Re: issue with relative externals after a rename

2018-03-28 Thread Nathan Hartman
On Wed, Mar 28, 2018 at 7:48 PM Johan Corveleyn  wrote:


>
> No, you do not need to change your externals. I believe your
> understanding is correct, and I think Branko was incorrect. Indeed, in
> the absence of an operative revision, the operative revision defaults
> to the peg revision (so it does not follow it forward to HEAD), also
> in externals definitions. The peg revision is sufficient to "pin" the
> externals. I just tested this with a test repository with svn 1.9.4.


Thank you. That is reassuring. We have not
changed anything yet.

However, the problem Jonathan saw is, I think, because he renamed a
> parent path that is outside of the scope of the relative path of the
> externals definition. Looking at his example:


Yes that makes sense.

Fortunately for us, all of our externals begin
with "^/SVN/" so we are unaffected by the
relative directory question.
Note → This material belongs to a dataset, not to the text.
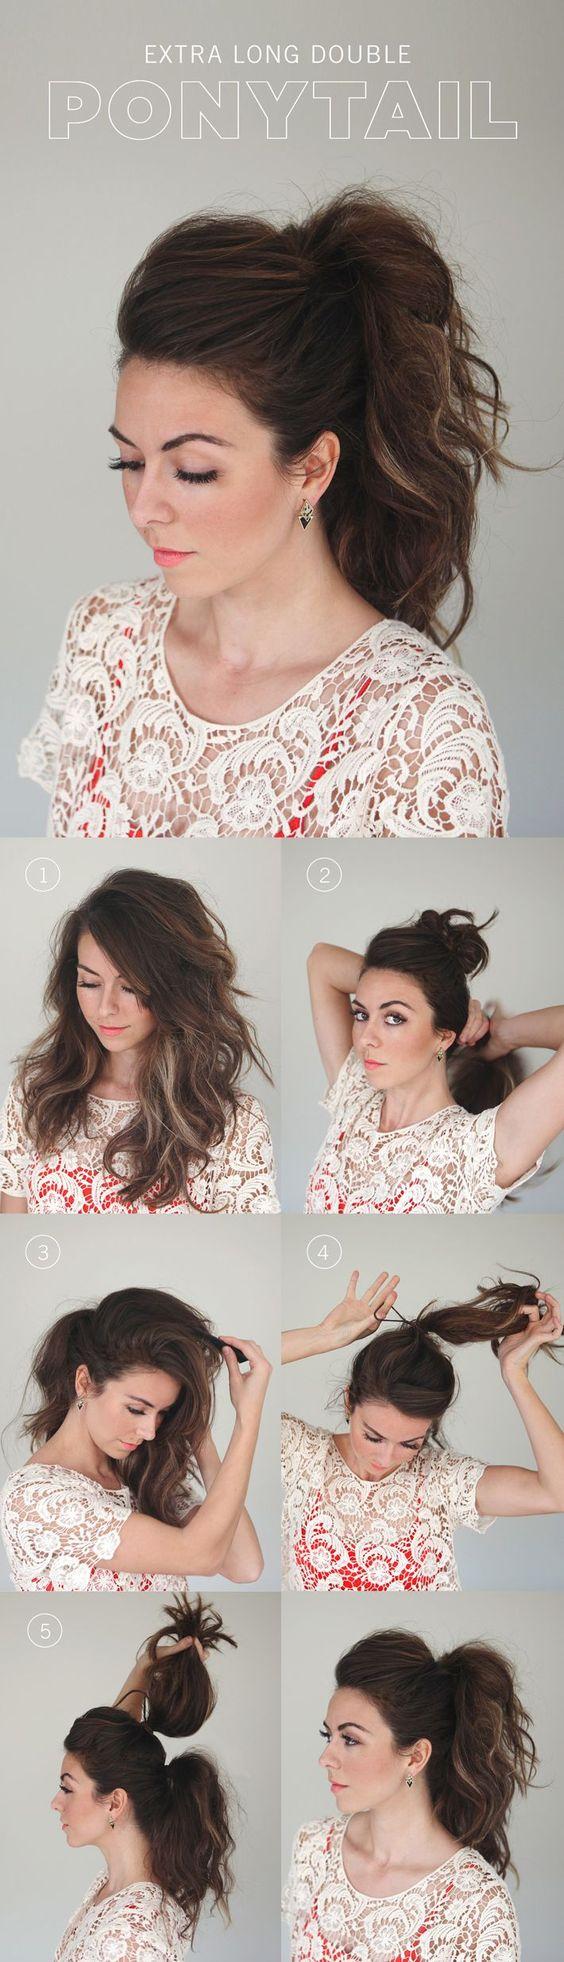 extra long ponytail - Hairpop.net - Hair Pop Hair Shop
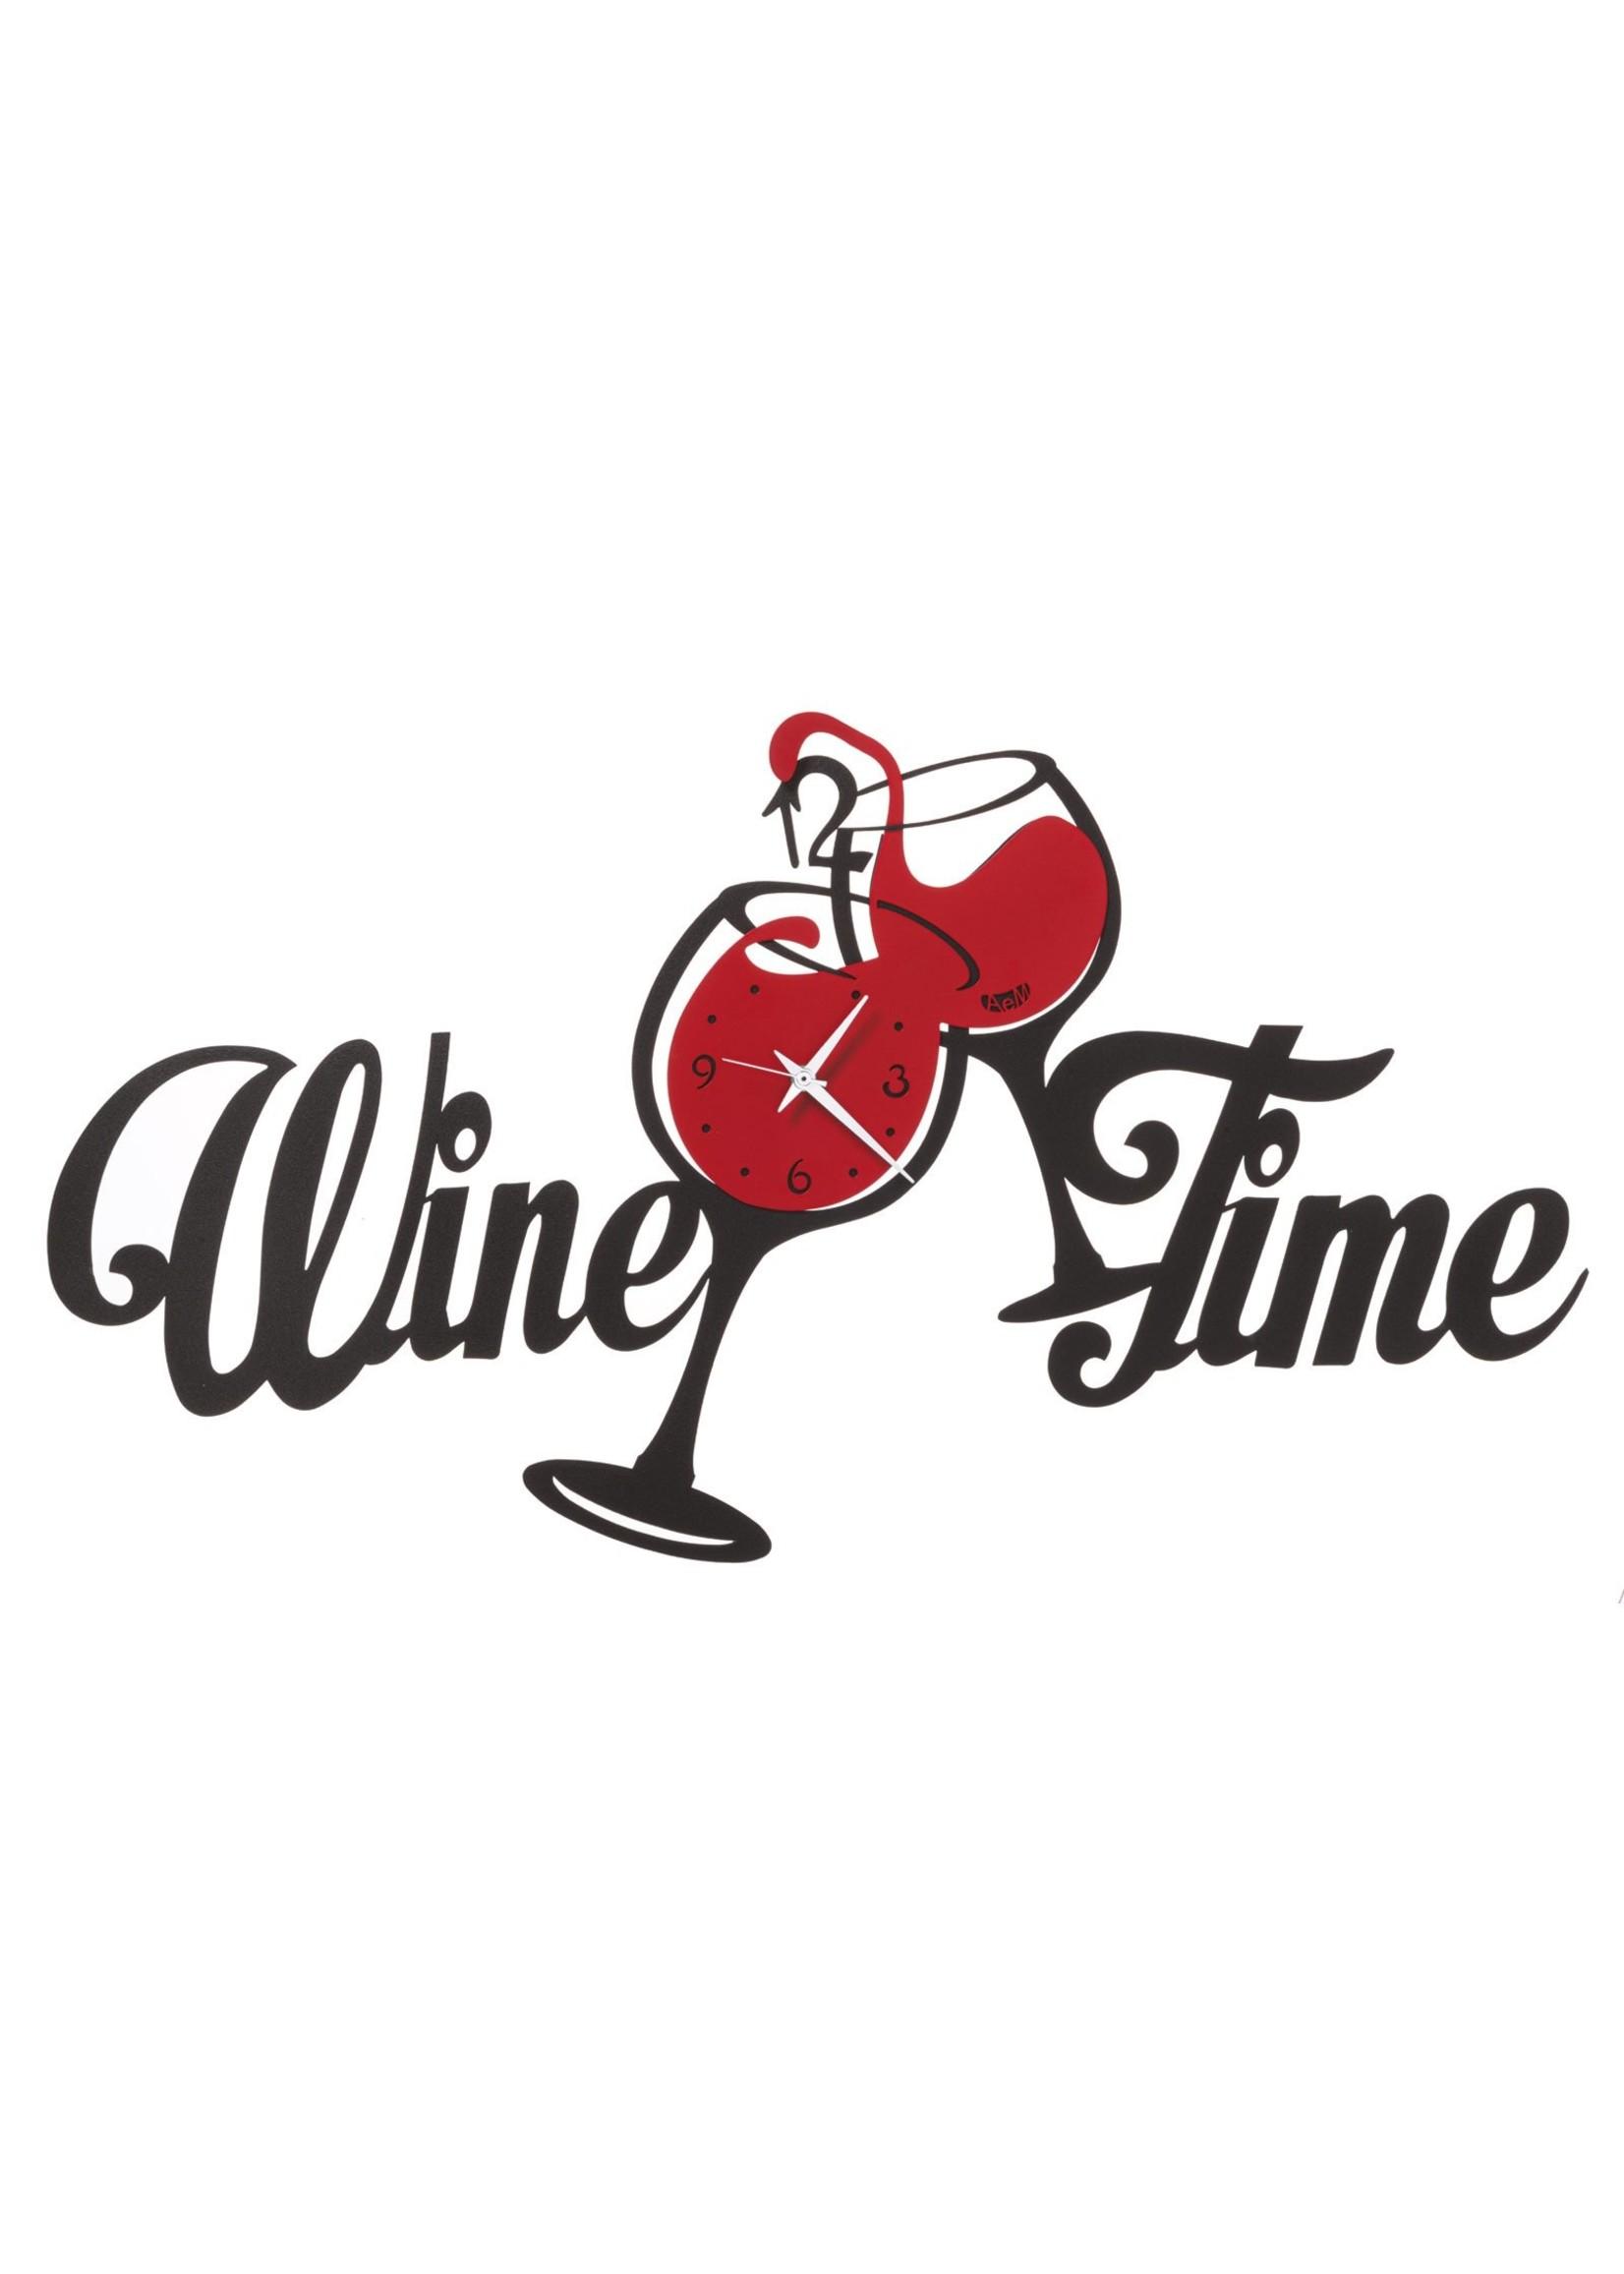 Arti & Mestieri Wandklok Italiaans Design Wine Time 3409 c192 black/red

I think that when we
designed our monorepo we thought that we
may want to restructure in the future, e.g.
move or rename project directories, combine
projects, split projects, declare projects
defunct, etc. So we did not rely on the relative
placement of projects to each other, but we did
use the caret notation without a URL scheme
to ensure the repository itself is portable. So,
absolute paths within the repository with peg
revisions, relative path to the repository itself.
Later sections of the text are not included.